## DATASET CONTENT
§ §
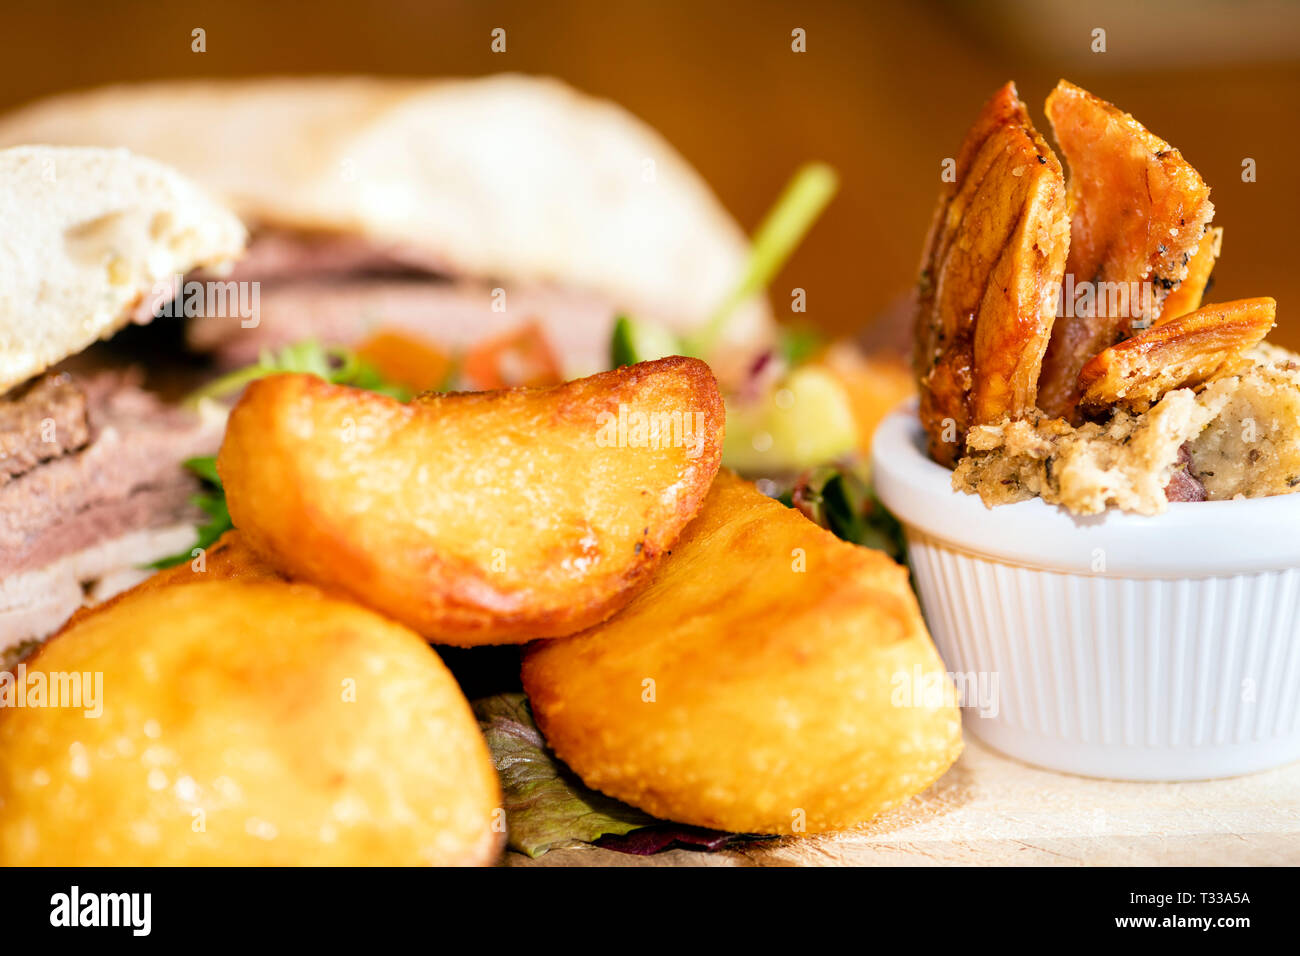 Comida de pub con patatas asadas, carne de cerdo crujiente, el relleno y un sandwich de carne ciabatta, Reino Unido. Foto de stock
§ §
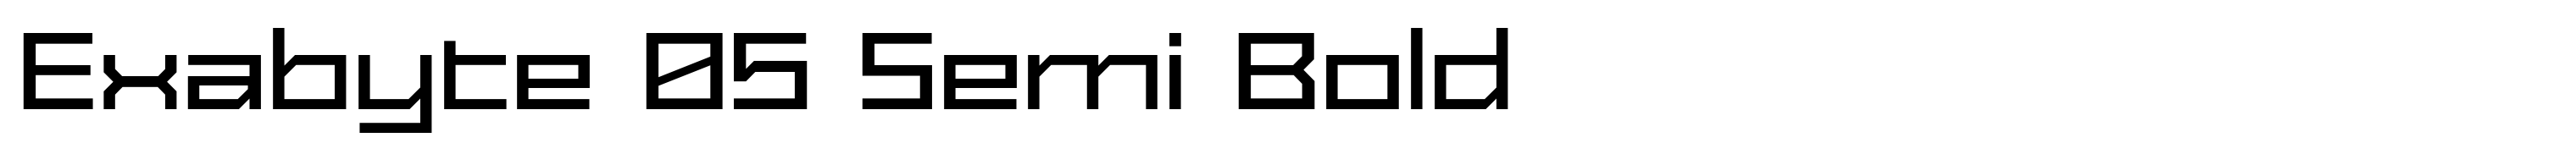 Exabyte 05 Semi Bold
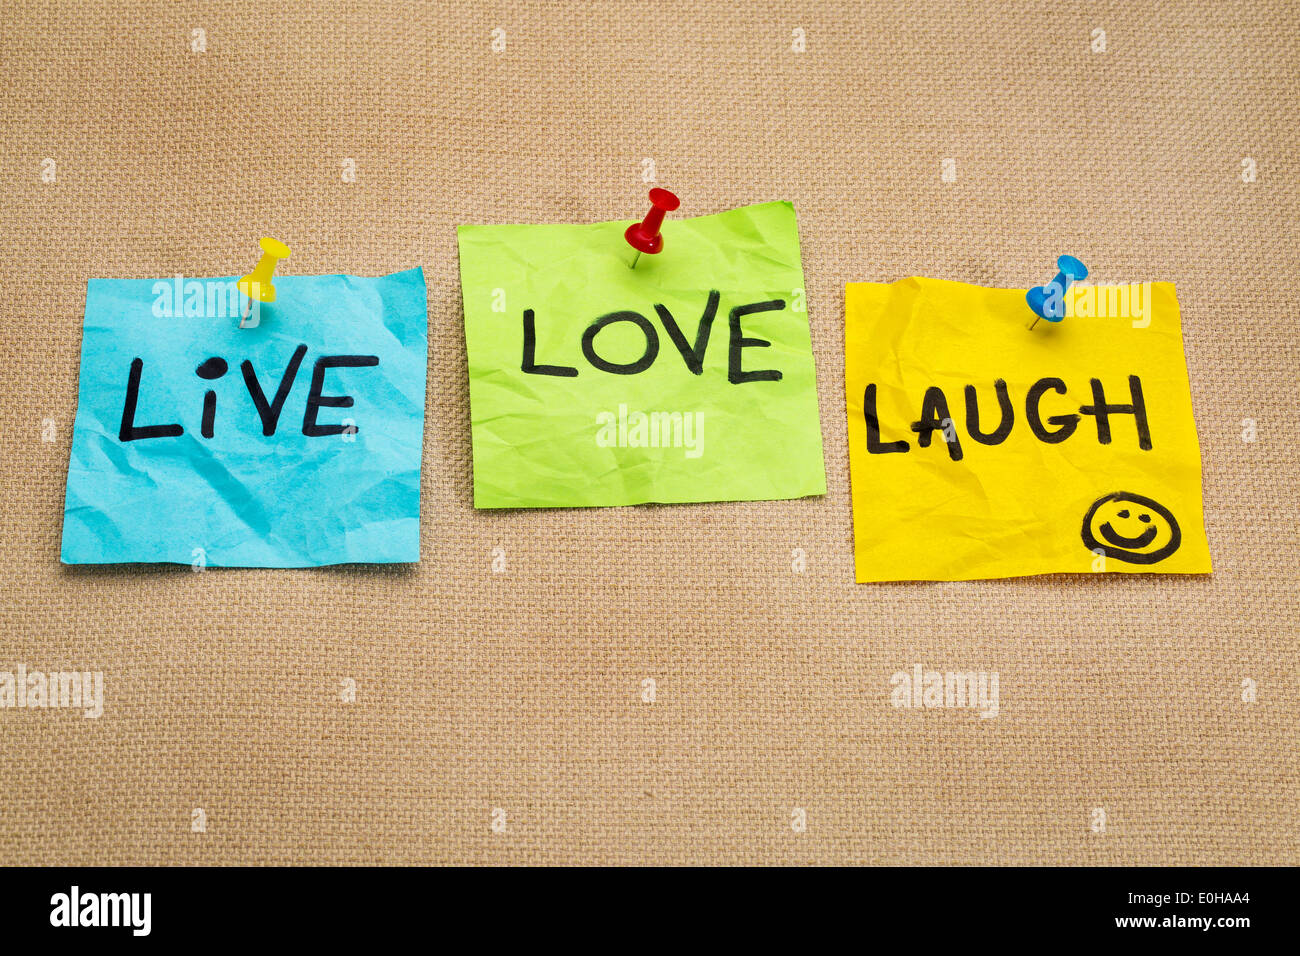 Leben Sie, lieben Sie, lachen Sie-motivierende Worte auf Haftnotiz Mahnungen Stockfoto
§ §
Leaving out all pictures, set down exactly the lines of the material above, from the line with "Exabyte 05 Semi Bold" to the line with "Leben Sie, lieben" inclusive, and no others.

 Exabyte 05 Semi Bold
 Leben Sie, lieben Sie, lachen Sie-motivierende Worte auf Haftnotiz Mahnungen Stockfoto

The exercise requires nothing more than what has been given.